No money made yet. So where does the money come from this "tribe" model. It's concerts! Live shows! AND licensing your music to TV shows and movies in order to create a larger tribe. Once your tribe gets bigger then you can have a larger concert. Merchandise is another great money maker. Also, Seth stated that you need to offer these tribes tools to find new music. That's exactly where a site like Music Emissions comes in. We strive on recommendations. You like one band, then you might like this other one. Look at our Radiohead page. You'll see a handful of new artists that you might like because of your declared love of Radiohead. You'll also see fellow fans of Radiohead you can converse with and befriend them, ultimately getting recommendations from someone with the same tastes as you. I digress. The point is Music Emissions has NOTHING to do with making the music. The purpose of this site is to get new music into the right hands. It works! Oh, and we sell advertising to bands/labels/services who want to be exposed to these rabid music fans.

So in the end, music is free, or needs to be! The hurdles to this model have already been overcome with tools like Soulseek, Limewire, and BitTorrent. The labels just need to ensure that the material being distributed on these networks is quality. If it is a low 96kbps quality then no one is going to enjoy it and pass it on. Labels also need to ensure that the right social networks are in place in order to get new music to the right place.

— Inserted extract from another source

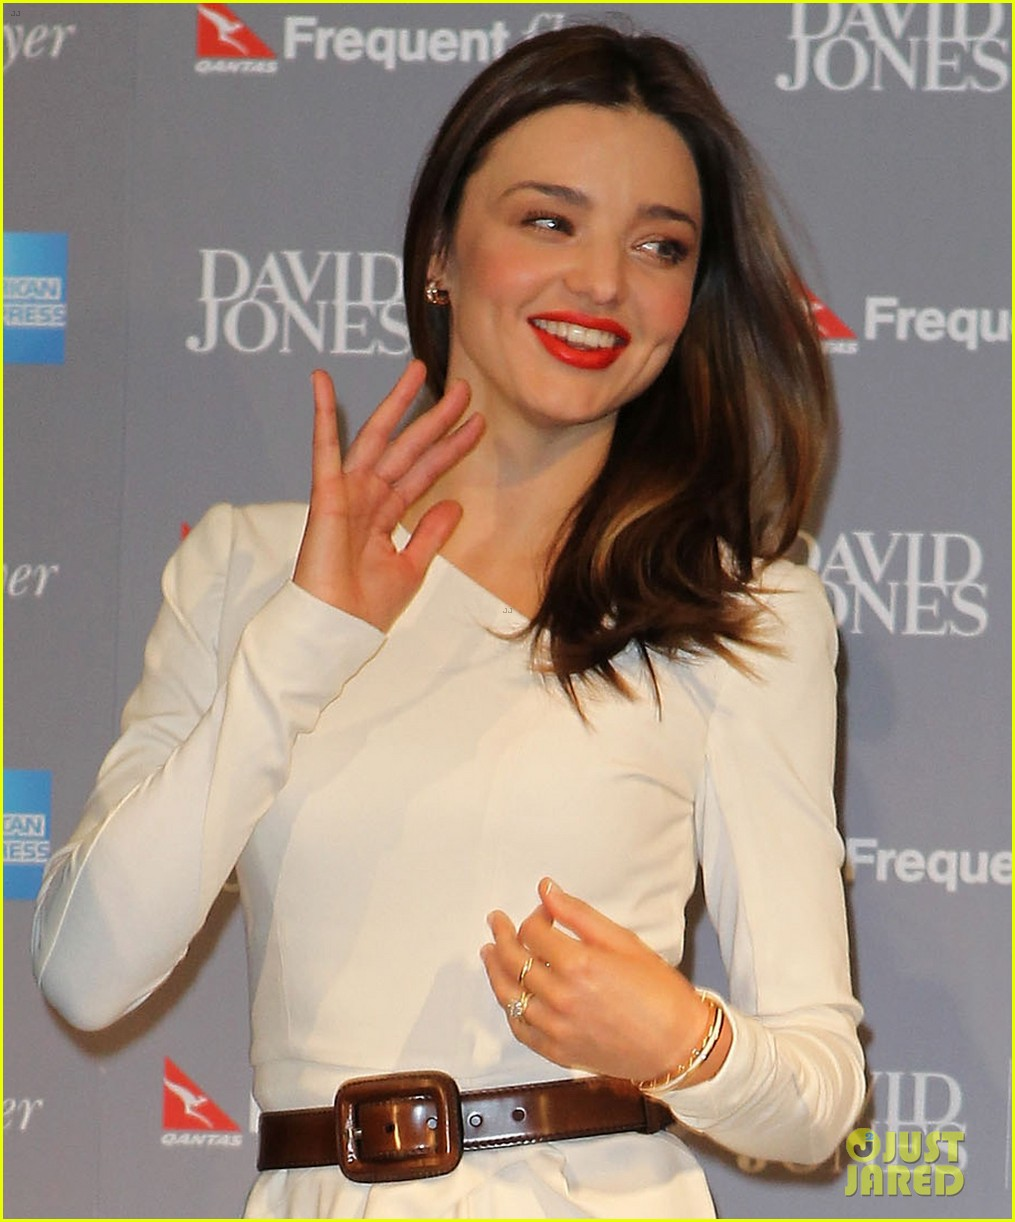 White dress david jones -  Store Details David Jones Miranda Kerr Spring Summer 2011 Fashion Show Red Sequin

A Jayhawks fan should be recommended the new Gary Louris immediately. They would probably not care about the new Pinback though.

Discuss. 

Comments:

digitalbath says:

I'll start off by admitting that unless I particularly want to give some of my money to a group (I bought a physical copy of Scabdates after hearing how amazing The Bedlam in Goliath was, and I bought a physical copy of Year Zero Remixed).  Other than that, to be honest, I haven't bought music in years.  A lot of my music collection has come from a torrent website (which got busted by the po') oink.cd.  But I also don't think I was doing anything wrong.

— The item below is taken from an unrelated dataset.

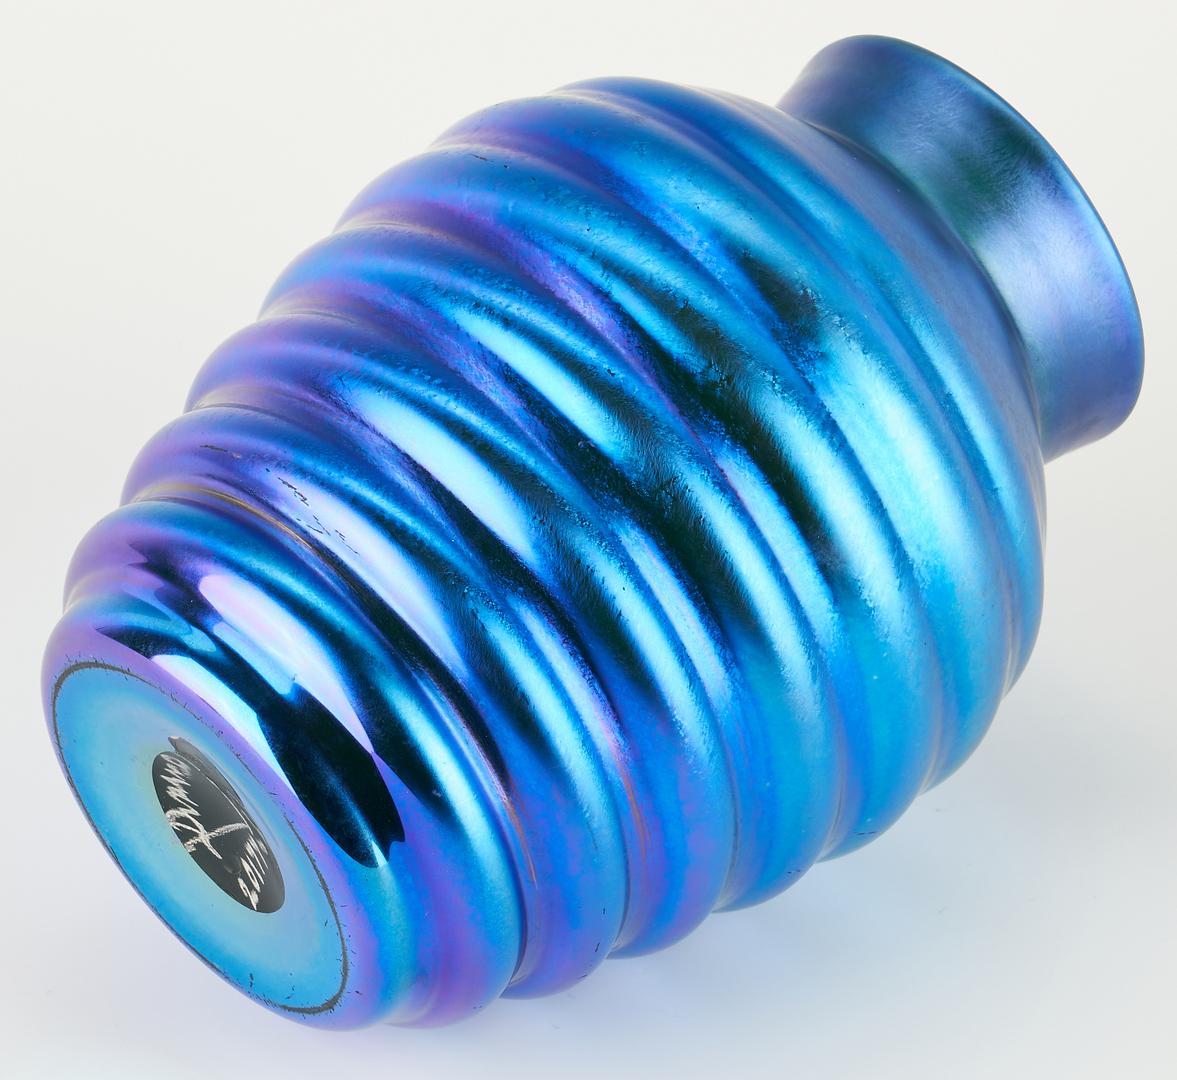 Lot 536: Durand Art Glass Beehive Vase

30 second previews aren't a good indicator of whether you'll like an album or not and even with those previews you know they are singling out the best 30 seconds of the song (if there is a best 30 seconds of a song).  Besides that, I feel that if you can get music for free, you can get one album from a group and may like them enough that you feel compelled to give them your money and buy a physical copy of their albums.  

Anyways, I fully agree with you on the concert topic.  Live shows should be where a band makes a majority of their money.  Especially considering the mainstream media.  I absolutely despise the idea that a band like Good Charlotte can make millions off of their first album which is one of the most poorly produced albums I've ever listened to.  Yeah the songs probably appeal to a large majority of idiotic listeners out there who don't know a C note from a broken leg, but it has no true musical appeal.  If a lot of people want to come to their shows and give them money that way, by all means, do it.  I just don't think they should be rewarded for writing a song about a boring and over-done topic that was written with the most basic of musical skill.  That last album was more a general statement for all mainstream groups out there.

Also, I think there is great potential for bands who have established themselves in the music industry to still make money off of their downloads.  Take Radiohead for example.  When they first released In Rainbows, they were allowing listeners to pay whatever they wanted.  However, since they avoided the cost of making physical copies of the cd's, even if half of the people that downloaded the album dicked them over and gave nothing, they're still making more than they would putting it out through a label who would dick them over more than their fans.

I'm just rambling so I'll end with that.